Records for the task:
==================================================
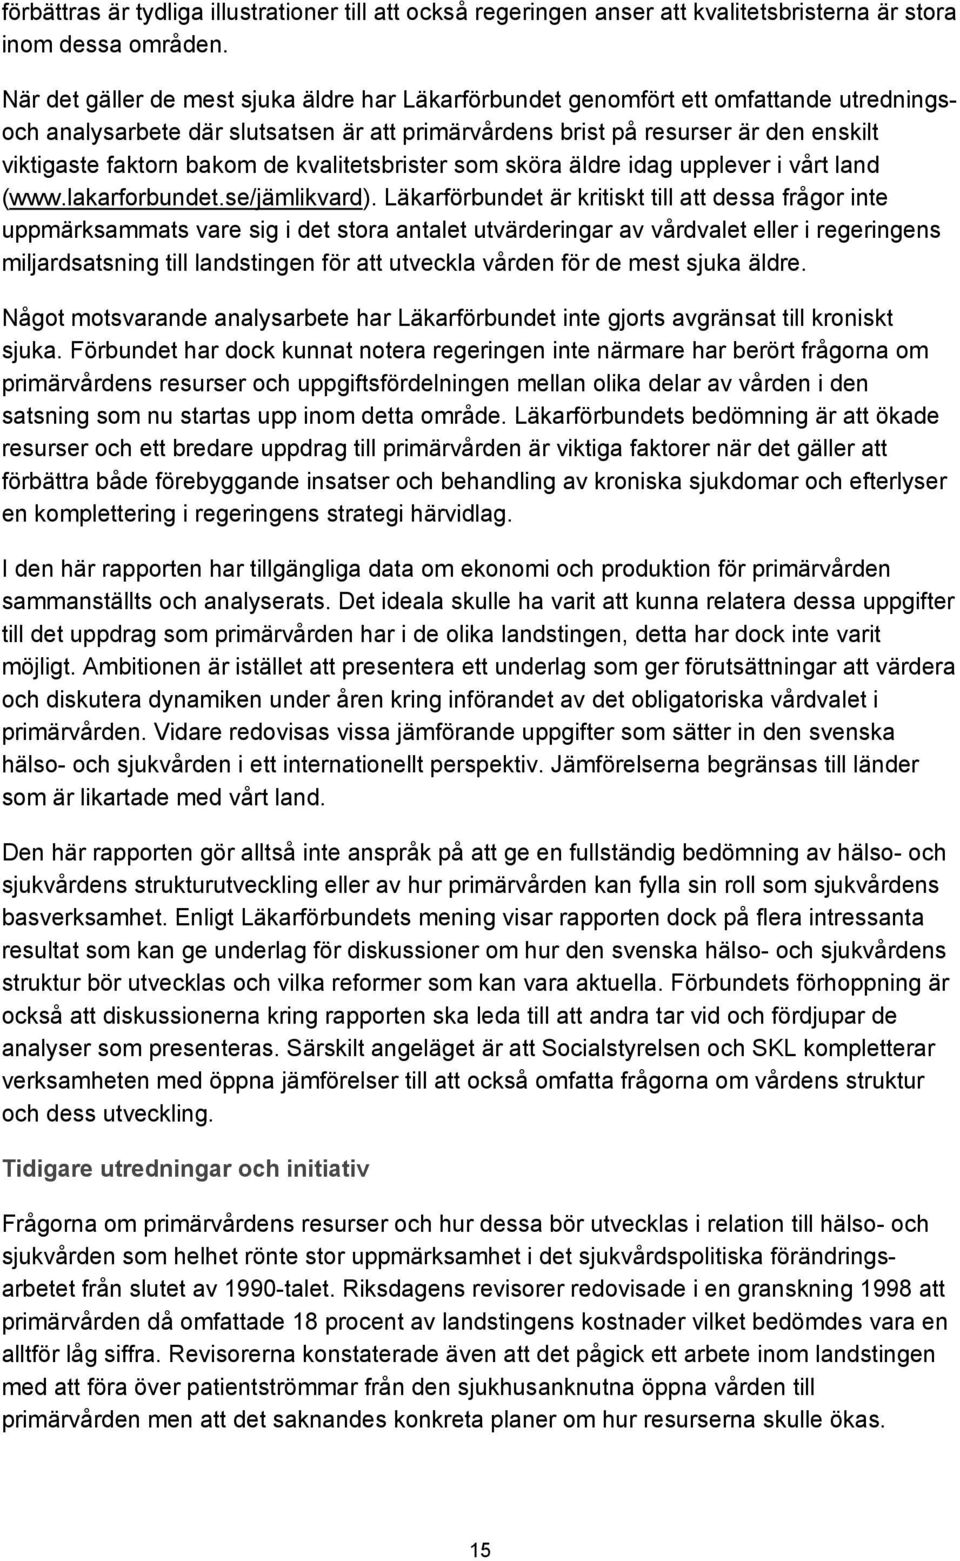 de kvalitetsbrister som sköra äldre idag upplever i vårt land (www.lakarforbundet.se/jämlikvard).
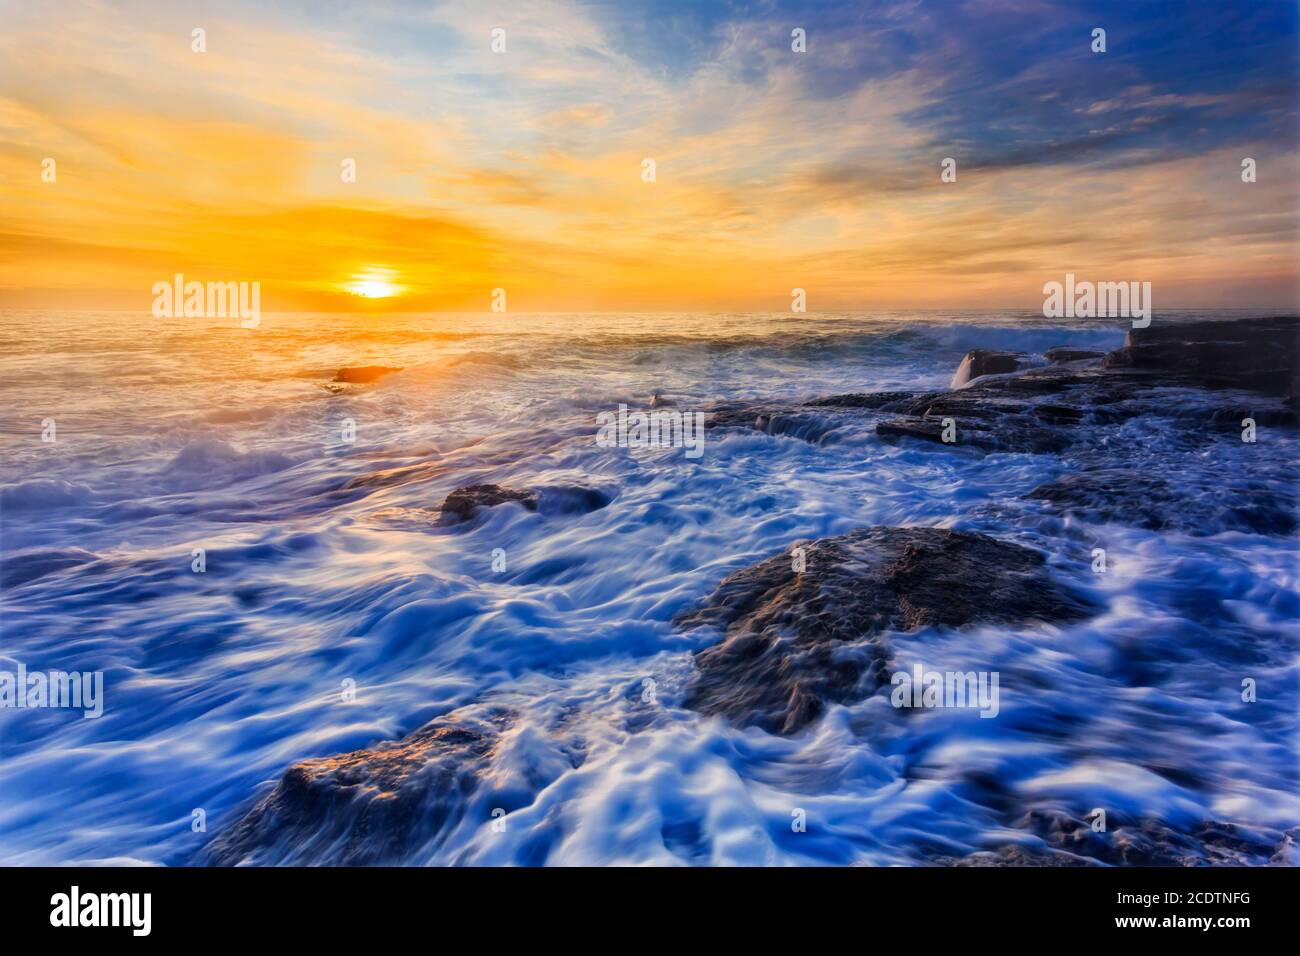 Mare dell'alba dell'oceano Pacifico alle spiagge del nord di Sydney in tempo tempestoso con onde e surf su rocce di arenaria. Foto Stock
==================================================
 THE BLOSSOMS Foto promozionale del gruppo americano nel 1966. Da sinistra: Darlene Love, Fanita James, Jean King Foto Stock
==================================================
To do: Starting at the line containing "de kvalitetsbrister som" and stopping at the line containing "Mare dell'alba dell'oceano", output each line exactly as it appears above. Leave out the pictures.

Response:
 de kvalitetsbrister som sköra äldre idag upplever i vårt land (www.lakarforbundet.se/jämlikvard).
 Mare dell'alba dell'oceano Pacifico alle spiagge del nord di Sydney in tempo tempestoso con onde e surf su rocce di arenaria. Foto Stock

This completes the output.